I like it. Burns good. if it's straight it splits pretty easy. Will take all I can get.


----------



## jdonna

I have a cord or two to harvest yet at the FIL farm.  All hangers from last years ice storm.    I do think it leaves a bit more coals than some other hardwoods, but I cannot say one way or the other when it finishes out at 12-14% moisture.  

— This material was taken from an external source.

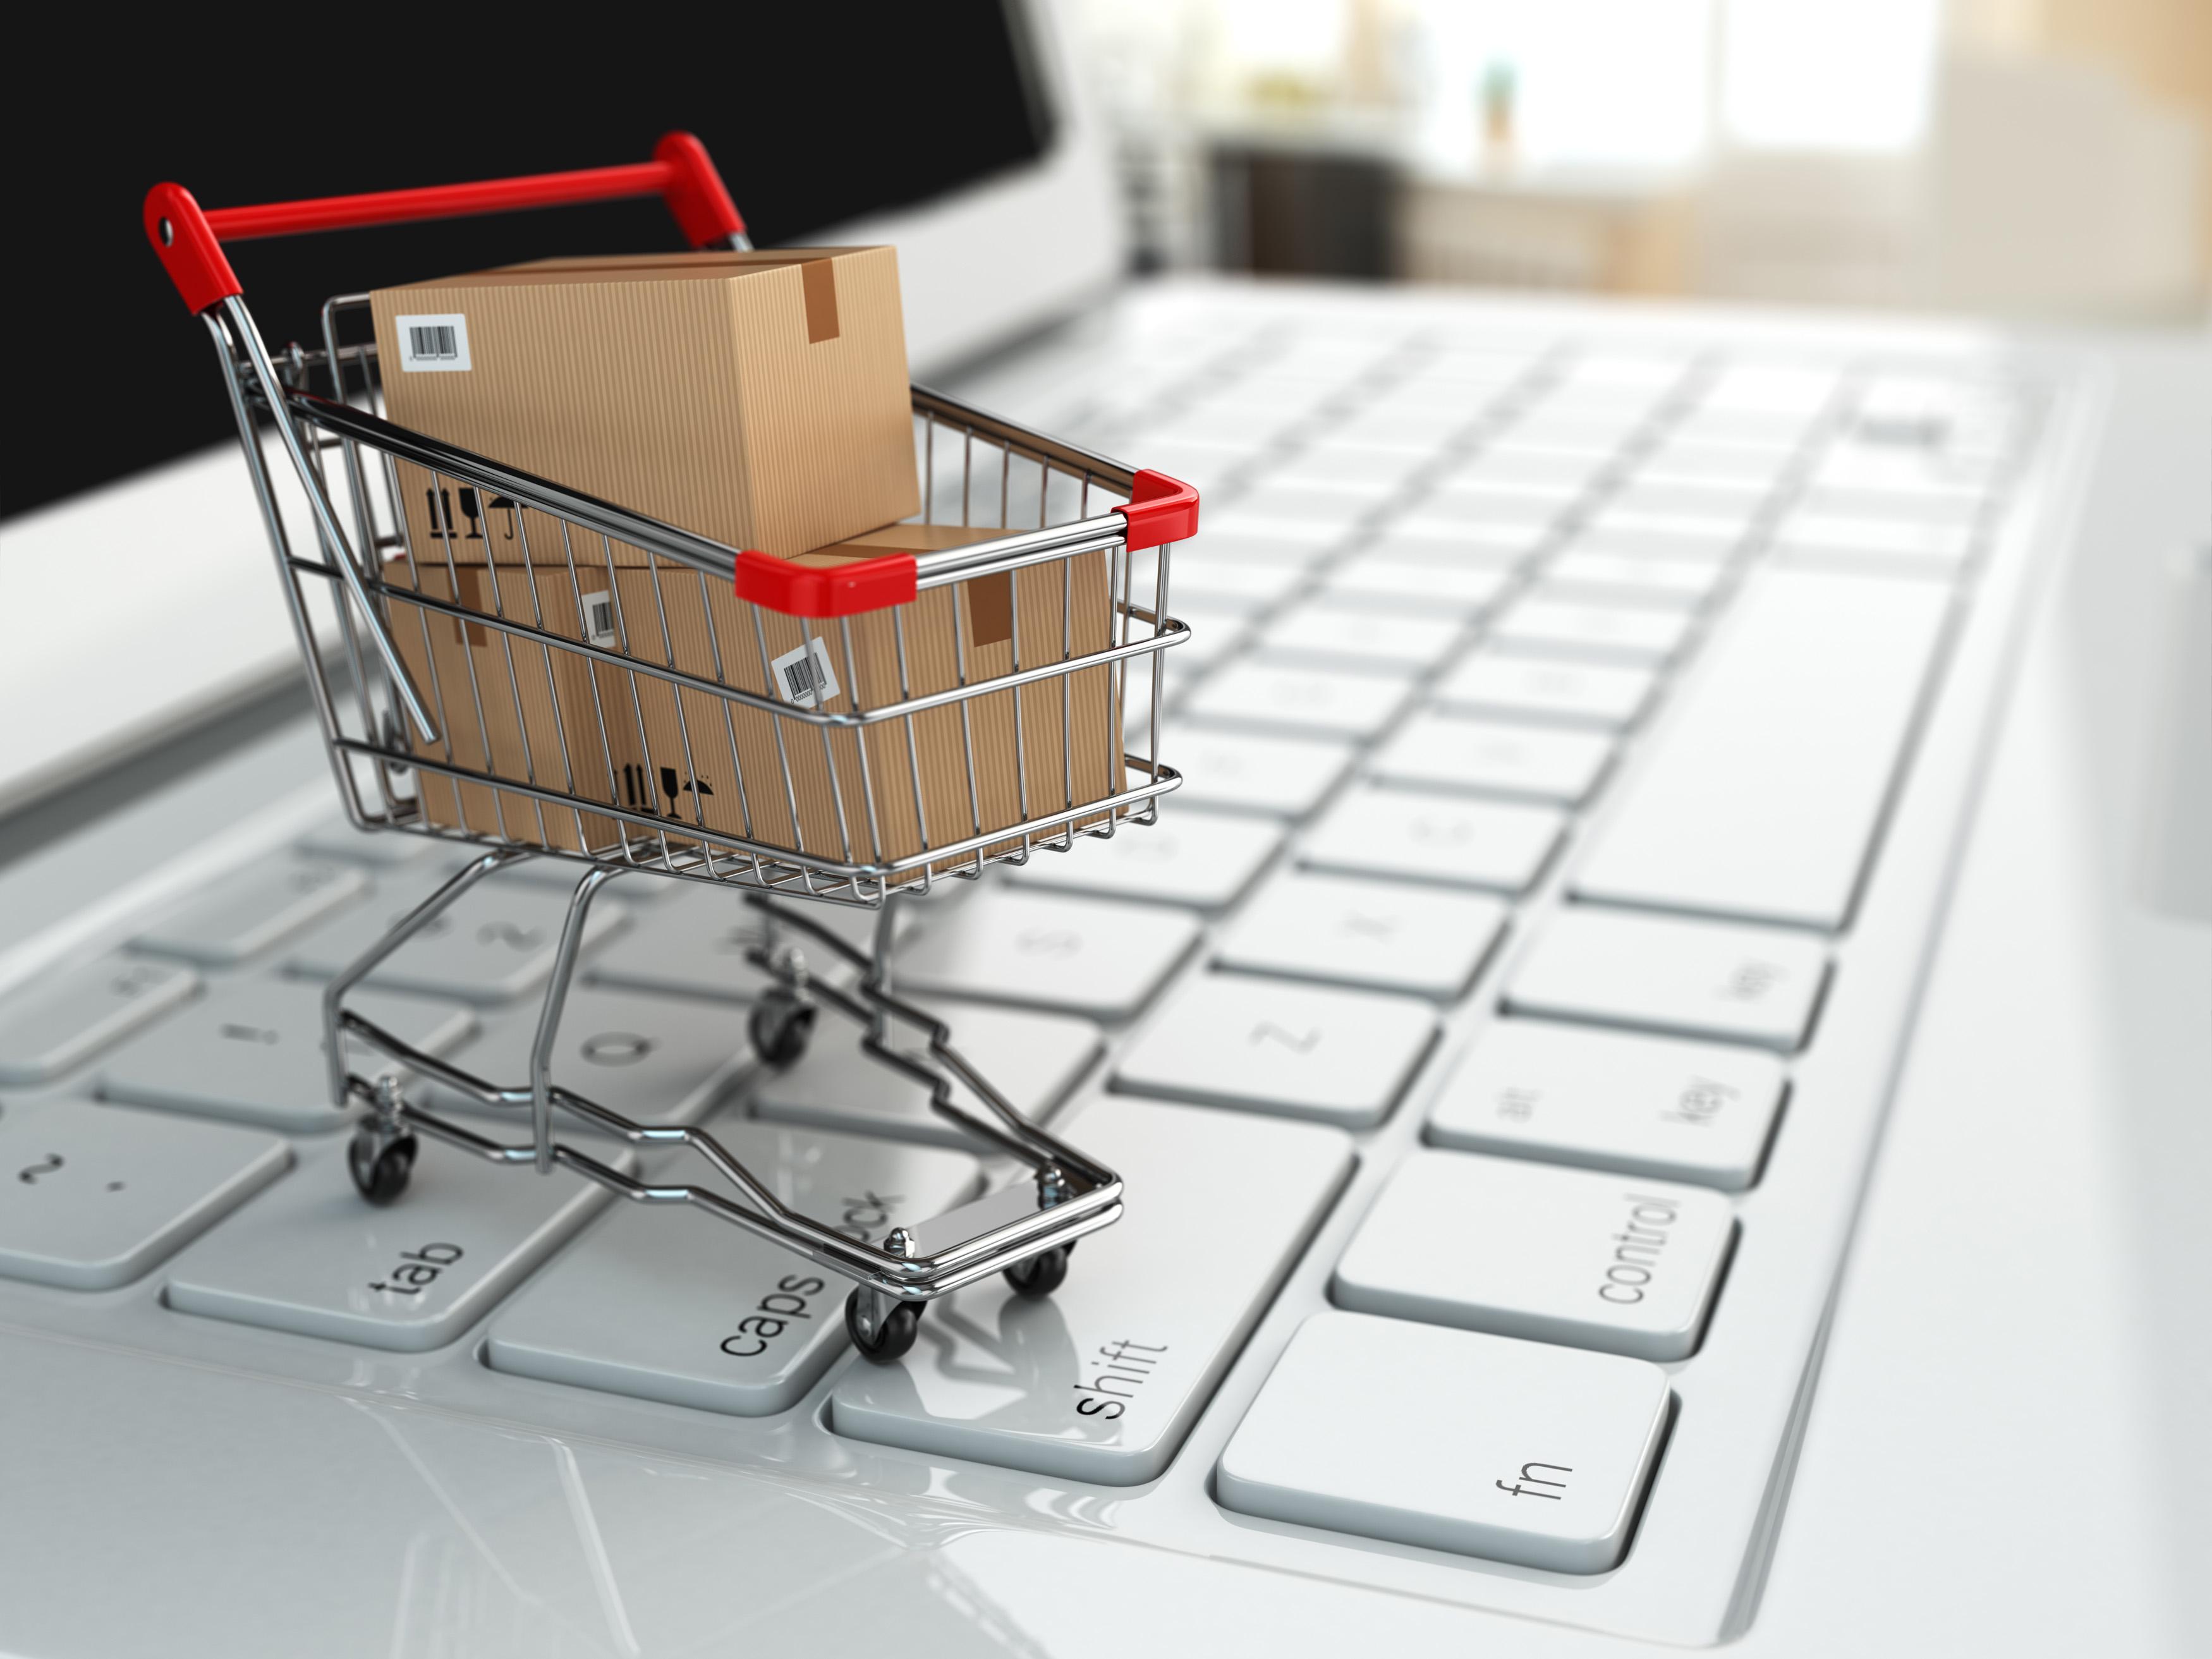 Tutela dei consumatori in rete (c) shutterstock

I stack single row in the corn crib after a year of seasoning outside, its an efficient wood drying shed!


----------



## Sharkman

Okay, this is all good information, and I appreciate it. Now, I have an OT, but similar question.
In the past, I have used most any wood available, for firewood. Typically, it was Walnut, Maple, Eucalyptus, Avocado, some type of citrus, or some form of conifer. I simply burned whatever was available. That was in suburban Lost Angeles. I had a couple of avocado trees on my lot, had a walnut that was taken out, from my lot, years before, and a neighbor, at one time, gave me a half cord of maple, from a tree that he had, on his lot, that died. 
All that said, it is clear that I am a novice, at the use of wood, for primary heating. 
On my property, I have 3 sizable elm trees, that have fallen, and *would *be normally used for burning. But, the locals here, tell me that the common name for it is (excuse the vulgarity) "Piss Elm", supposedly, due to its "aroma" when burning. But, in looking it up, on the web, I have found several folks who say it is good wood for firewood. Someone tell me the truth, please. I have already cut up one of them, figuring to burn it, with all of the twigs in the burn pile, after cutting up the red oak, and a couple of large branches of the hackberry. It is set to burn in the middle of the pasture, where it's "aroma" is unimportant. But, if it is good fireplace wood, after all, I can easily place it in the seasoning wood stack.
Help, please?


----------



## jdonna

Cut that elm and split it when its frozen.  Use a good hydraulic splitter and you will be fine.   I have burned almost exclusively on elm in the past.  Maybe not the highest btu out there, but it seasons nice.


----------



## firefighterjake

I've found that American elm when fresh cut is a bit smelly . . . but it's nothing that a little bit of two stroke exhaust smell won't cover up. 

When standing dead with the bark falling off it, there is little to no smell.

In my first year of burning elm was the majority of the wood that I burned since that was the driest stuff I could get . . . it isn't a top dog burner like oak or black locust, but is a decent middle of the road wood. When fresh cut, it can be miserable to split by hand . . . when dry your experiences may vary and it may be "not so bad", "easy" or "miserable" to split. A hydraulic splitter makes things much easier regardless of whether it is fresh cut or standing dead.

My own opinion . . . if you need the wood, don't just burn it in the field.


----------